Featured image of post Build an AI Meeting Note-Taker on VPS: Whisper Transcription + LLM Summarization

Build an AI Meeting Note-Taker on VPS: Whisper Transcription + LLM Summarization

One hour of meetings = 30 minutes of note-taking. Stop it. Deploy a private AI meeting assistant on your VPS — Whisper auto-transcribes speech to text, local LLM generates summaries, action items, and key decisions. All data stays on your server. Supports Zoom/Teams/local recordings.

Why Build Your Own Meeting Assistant?

How many hours do you spend in meetings each week? And how much more time writing up notes? With cloud transcription services, you’re also sending sensitive business conversations to third-party servers.

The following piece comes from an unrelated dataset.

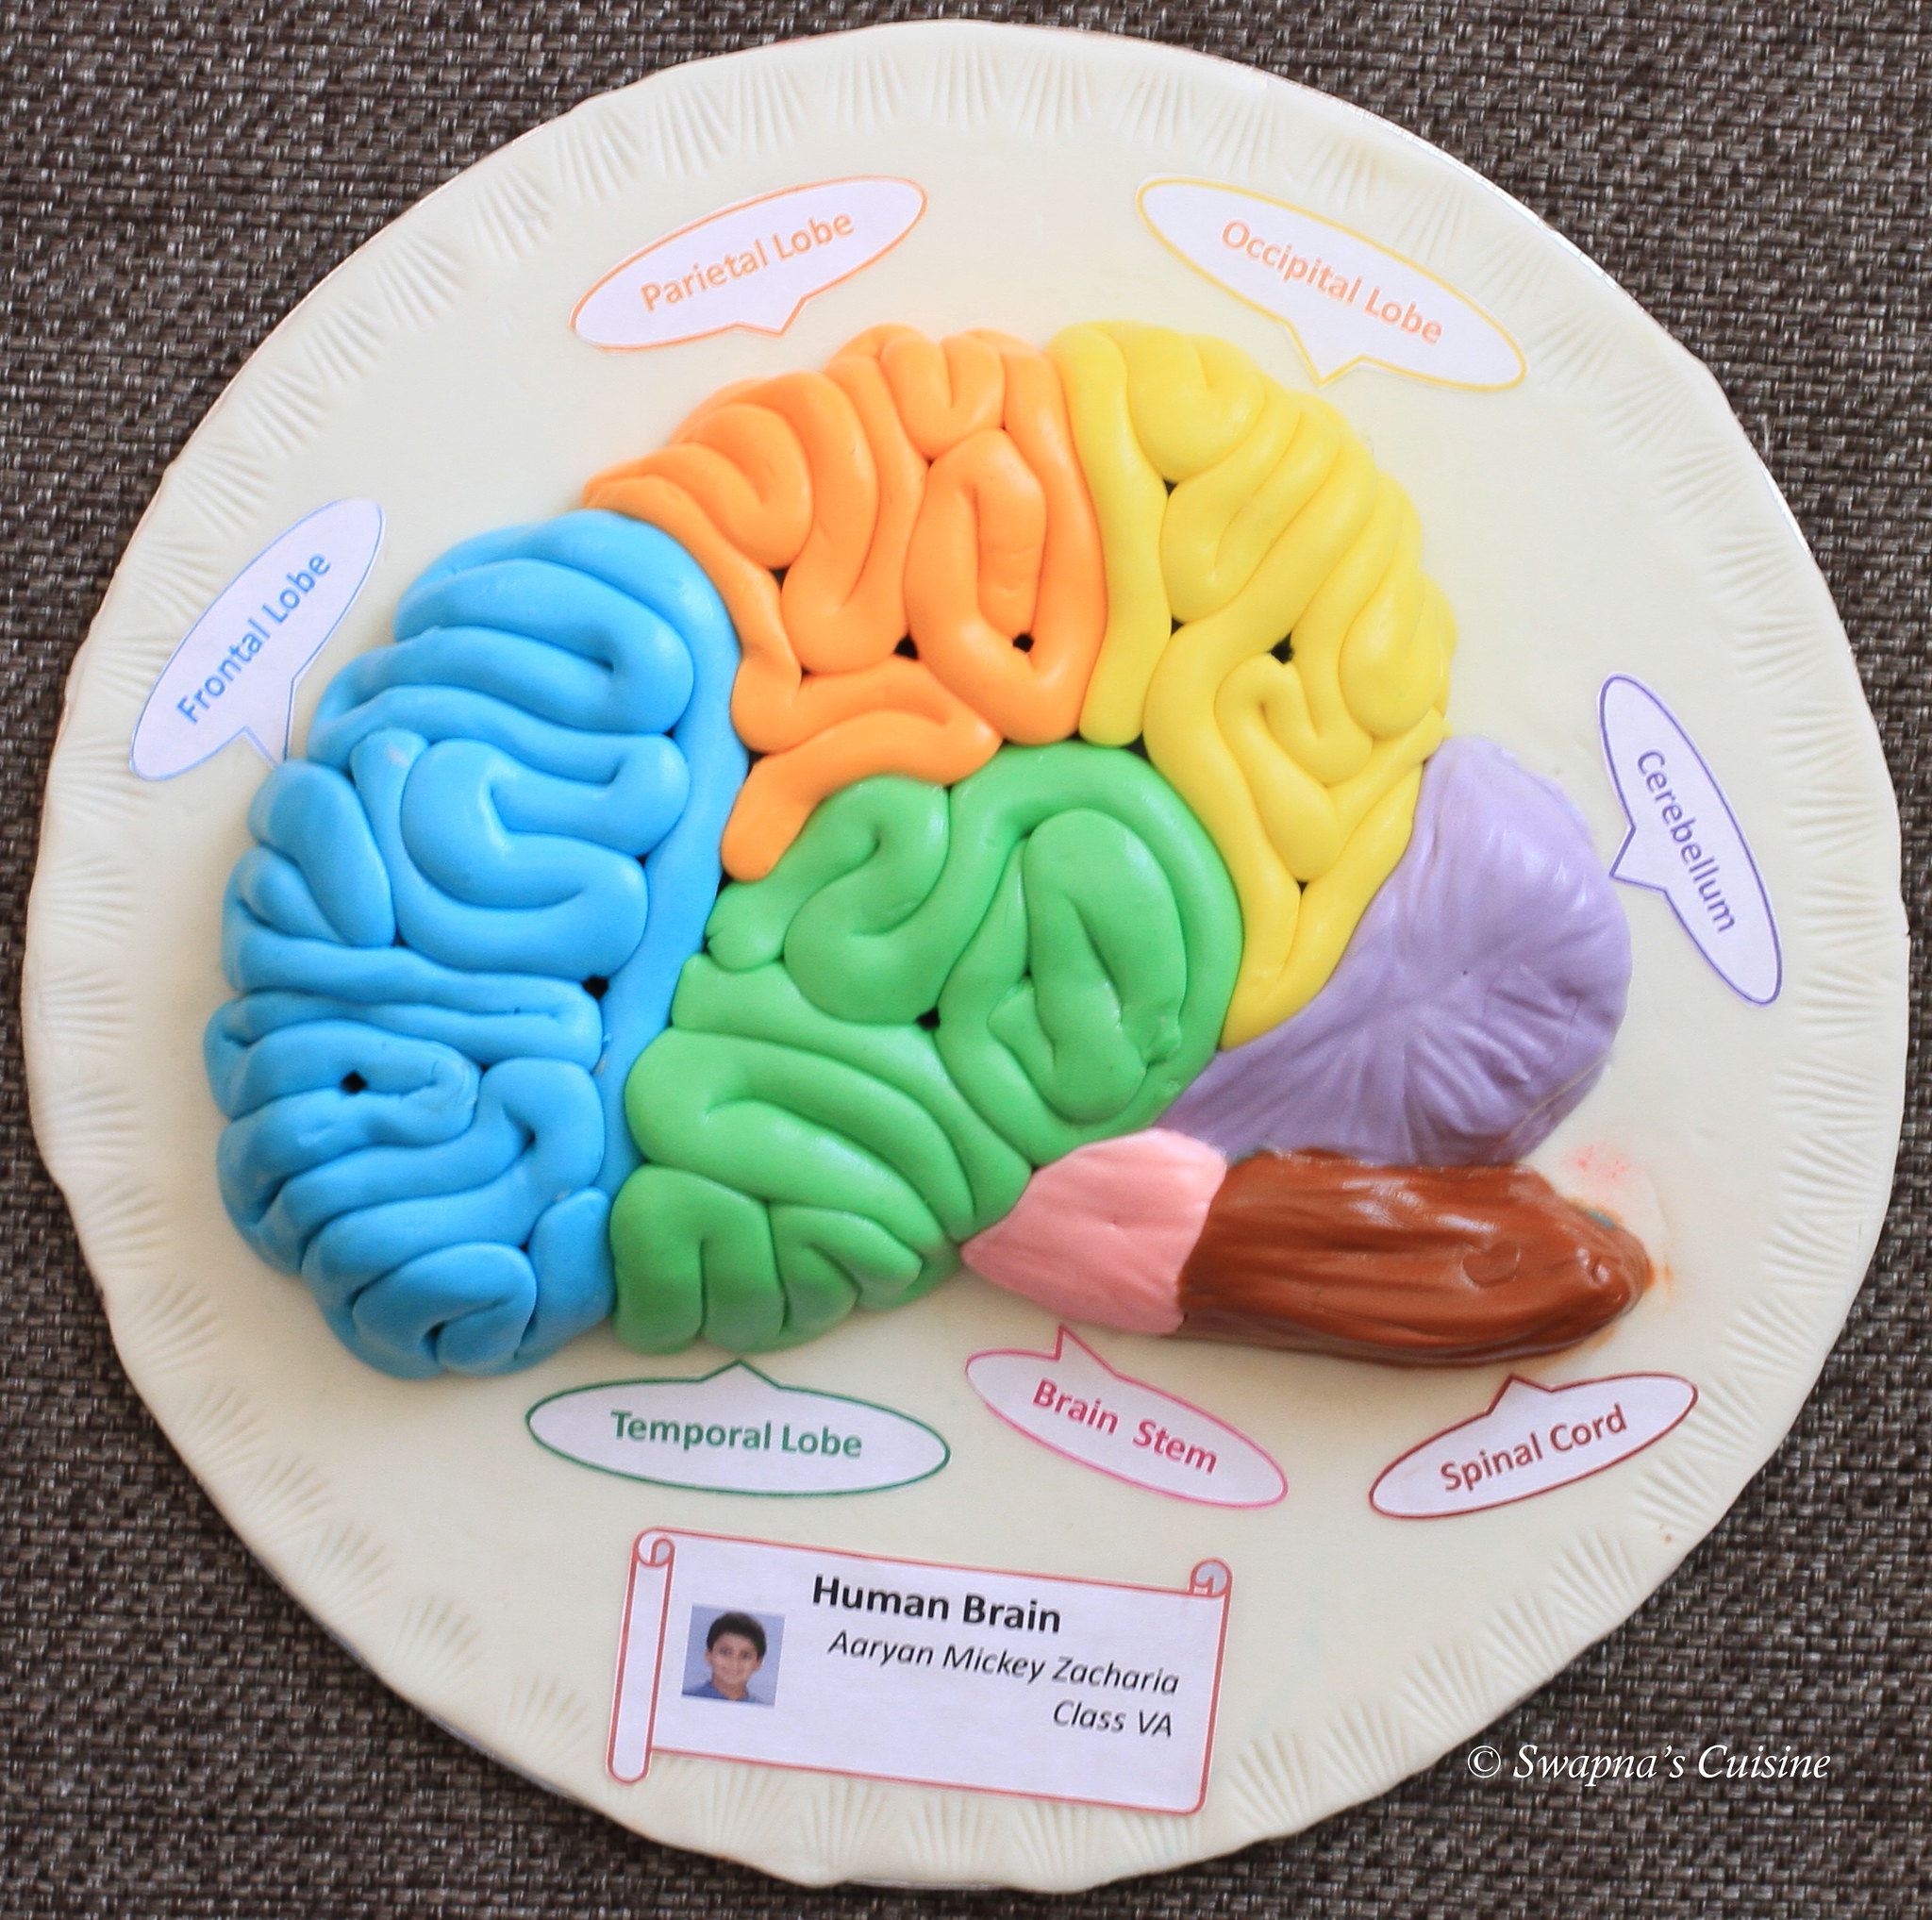 Swapna's Cuisine: Model of Human Brain with Fondant

Self-hosted vs. Cloud services:

FeatureCloud ServiceSelf-Hosted
Data PrivacyUploaded to 3rd party✅ Stays on your VPS
Cost$10-30/month subscription💰 One-time setup + VPS cost
Model ChoiceVendor locked✅ Switch Whisper models freely
IntegrationLimited API✅ Connect to n8n/Slack/Telegram
Custom Prompts❌ Fixed templates✅ Fully customizable summaries

Perfect For

  • Startups that don’t want meeting recordings on third-party servers
  • Freelancers who need automated client call notes
  • Researchers batch-transcribing lectures and interviews
  • Anyone privacy-conscious — your meetings belong to you

Architecture Overview

┌─────────────┐    ┌──────────────┐    ┌─────────────┐
│  Audio File  │───→│  Whisper     │───→│  Raw Text    │
│ (MP3/MP4/WAV)│    │  Speech→Text │    │  (SRT/TXT)  │
└─────────────┘    └──────────────┘    └─────────────┘
                                            │
                                            ▼
┌─────────────┐    ┌──────────────┐    ┌─────────────┐
│  Telegram/  │←───│  Local LLM   │←───│  Chunked    │
│  Web UI     │    │  (Ollama)    │    │  Text       │
└─────────────┘    └──────────────┘    └─────────────┘
                          │
                          ▼
              ┌─────────────────────┐
              │  Summary + Actions  │
              │  Decisions + Timeline│
              └─────────────────────┘

System Requirements

Minimum (small model + short audio)

ComponentRequirement
VPS2 vCPU, 4GB RAM, 20GB disk
ModelWhisper tiny or base
ComponentRequirement
VPS4 vCPU, 8GB RAM, 40GB disk
ModelWhisper small + Llama 3.1 8B
GPUNice-to-have, not required

💡 GPU Note: If your VPS has an NVIDIA GPU (e.g., RunPod, Vast.ai), Whisper transcription is 5-10x faster. CPU-only is perfectly usable — a 1-hour meeting takes ~10-20 minutes with small model on CPU.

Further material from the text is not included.